The minister and the secretary agreed to maintain close contacts at high and other levels. Both believed that the proposed meeting between President Hu and President Obama at the financial summit scheduled for early April in London is of great significance to China-U.S. ties at a new phase and the two sides should work together to make elaborated preparation to ensure the success of the meeting.

Yang and Clinton also discussed and agreed on the detailed arrangement on forming a mechanism of China-U.S. Strategic and Economic Dialogue.

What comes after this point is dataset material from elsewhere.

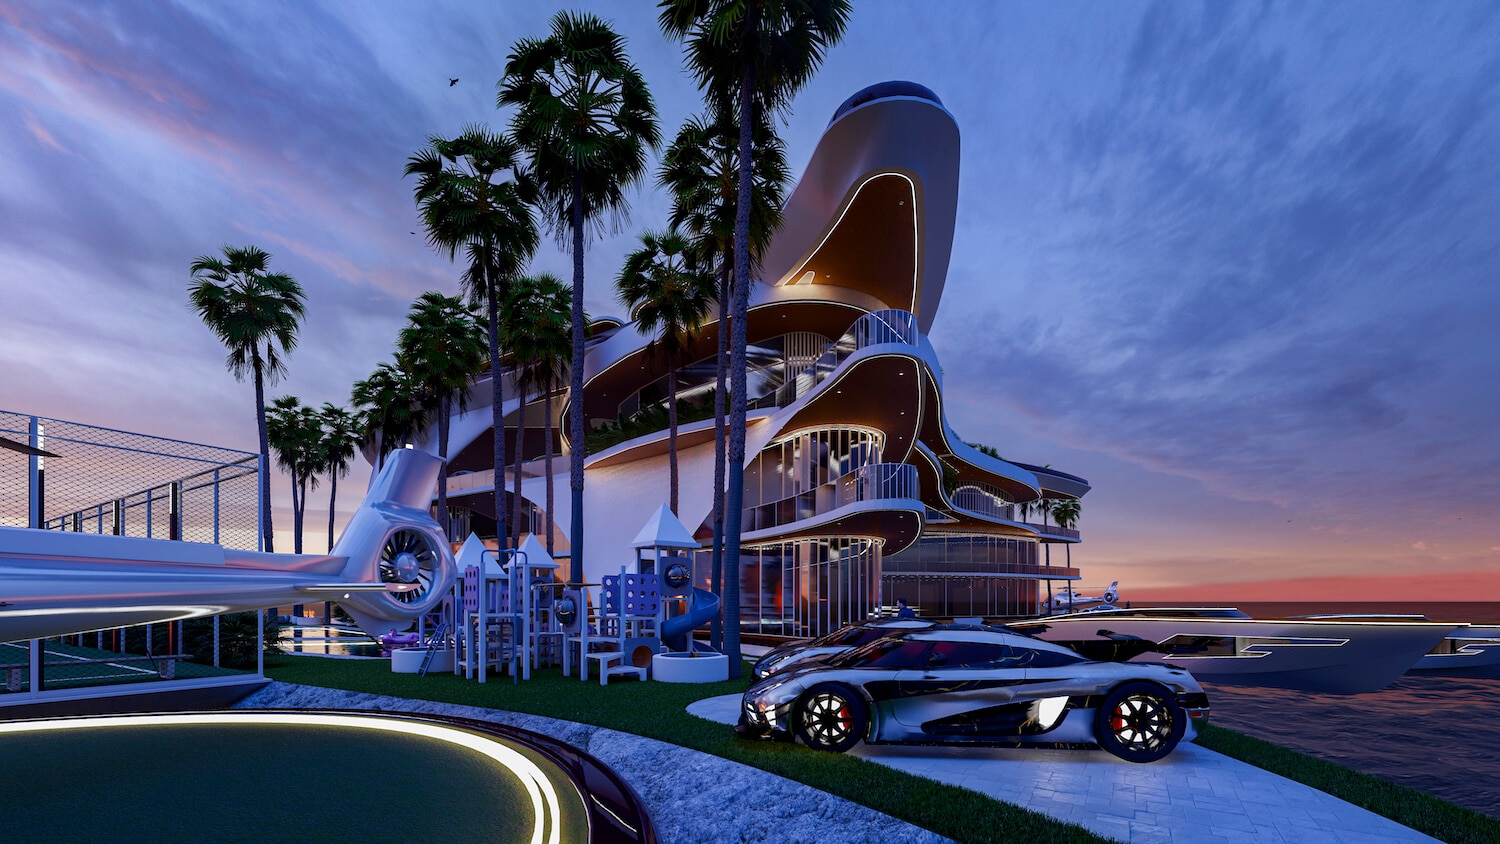 Insane 50m concept mansion for Lionel Messi revealed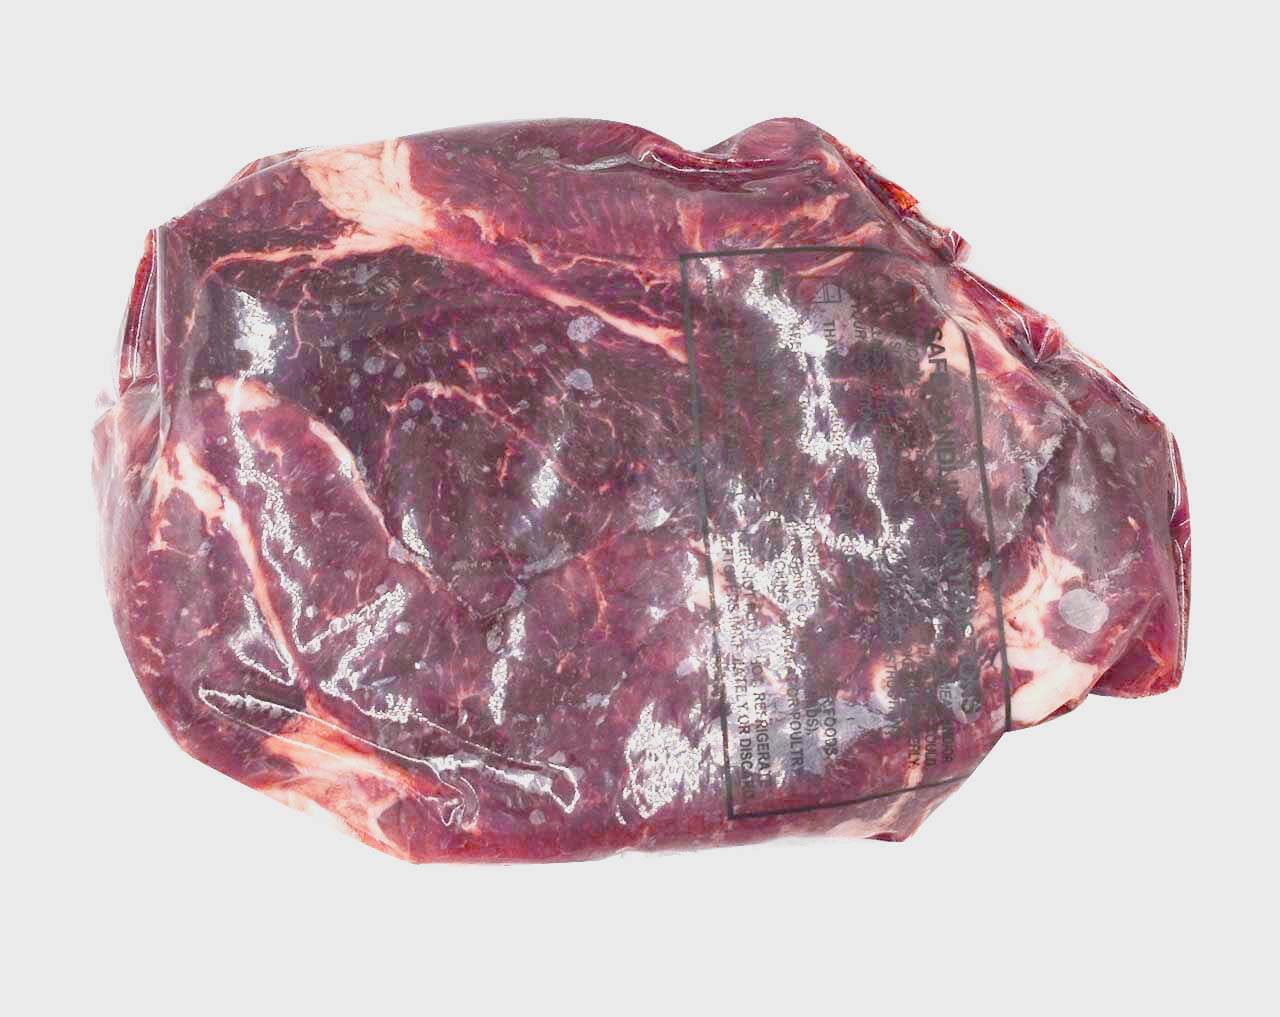 Beef Chuck Roast - Organic

Both sides coordinated their positions on the Group of 20 (G20) summit to be held in London in early April. Yang and Clinton agreed that the two countries will make joint efforts to ensure a positive outcome from the summit. Both believed that efforts to combat the financial crisis should be a major area of cooperation between the two countries in the future. They agreed that both sides should continue to strengthen dialogue and coordination on macro-economic policies. They also agreed to work together to oppose protectionism in various forms, deepen cooperation in economy, trade and investment, and play their due roles in stabilizing the international financial situation and promoting reform of the international financial system and institutions in a bid to facilitate an early recovery of the world economy.

As to the Taiwan issue, Yang briefed Clinton of the recent developments in cross-Straits relations. He reiterated China's principled position on the issue and expressed hope that the U.S. side will keep its relevant promises, handle the issue properly and with caution, and support the peaceful development of cross-Straits relations with concrete actions.

Clinton, for her part, said that the U.S. side firmly supports the one-China policy. She welcomed and expressed support for the peaceful development of cross-Straits relations.

Yang also reaffirmed the principled position of the Chinese government on Tibet-related issues, expressing the Chinese side's resolute opposition and strong indignation over some recent statements made by the U.S. administration and over the adoption by the U.S. House of Representatives of a resolution on Tibet introduced by a handful of anti-China U.S. congressmen. The minister stressed that the Tibet issue is vital to China's sovereignty and territorial integrity, urging the U.S. side to respect China's position and concerns on the issue and take effective steps to clear up any negative ramifications of the wrong words and deeds by the U.S. side. Yang urged the U.S. side to stop meddling in China's internal affairs through the Tibet issue.

Both sides agreed to further expand exchanges and cooperation in a wide range of areas including economy, trade, counter-terrorism, anti-proliferation, law enforcement, energy, environment, climate change, science, education, culture and public health. They pledged to continue increasing military exchanges and hold within the year a new round of China-U.S. counter-terrorism consultation, departmental-level consultation on arms control and anti-proliferation and vice ministerial-level consultation on strategic security, multilateral arms control and anti-proliferation. They also agreed to hold a new round of human rights dialogue as soon as possible based on equality and mutual respect.

Yang also elaborated on China's principled position and concerns over the U.S. navy vessel's surveying activities in China's exclusive economic zone.

Both sides exchanged views on the situation of the Korean Peninsula. Minister Yang hoped that all parties concerned maintain calm and restraint, making joint efforts to promote the process of six-party talks and safeguard peace and stability on the peninsula. Secretary Clinton said that the goal of a nuclear-free peninsula is indispensable, adding that the U.S. side hopes that the six-party talks could continue to proceed forward.

Both sides also exchanged views on Afghanistan, stability in South Asia, the nuclear issue of Iran, the Middle East peace process and the Darfur issue in Sudan. They agreed that the two foreign ministries should maintain close communications and coordination on international and regional issues and work together to pursue proper solutions to hotspot issues concerned.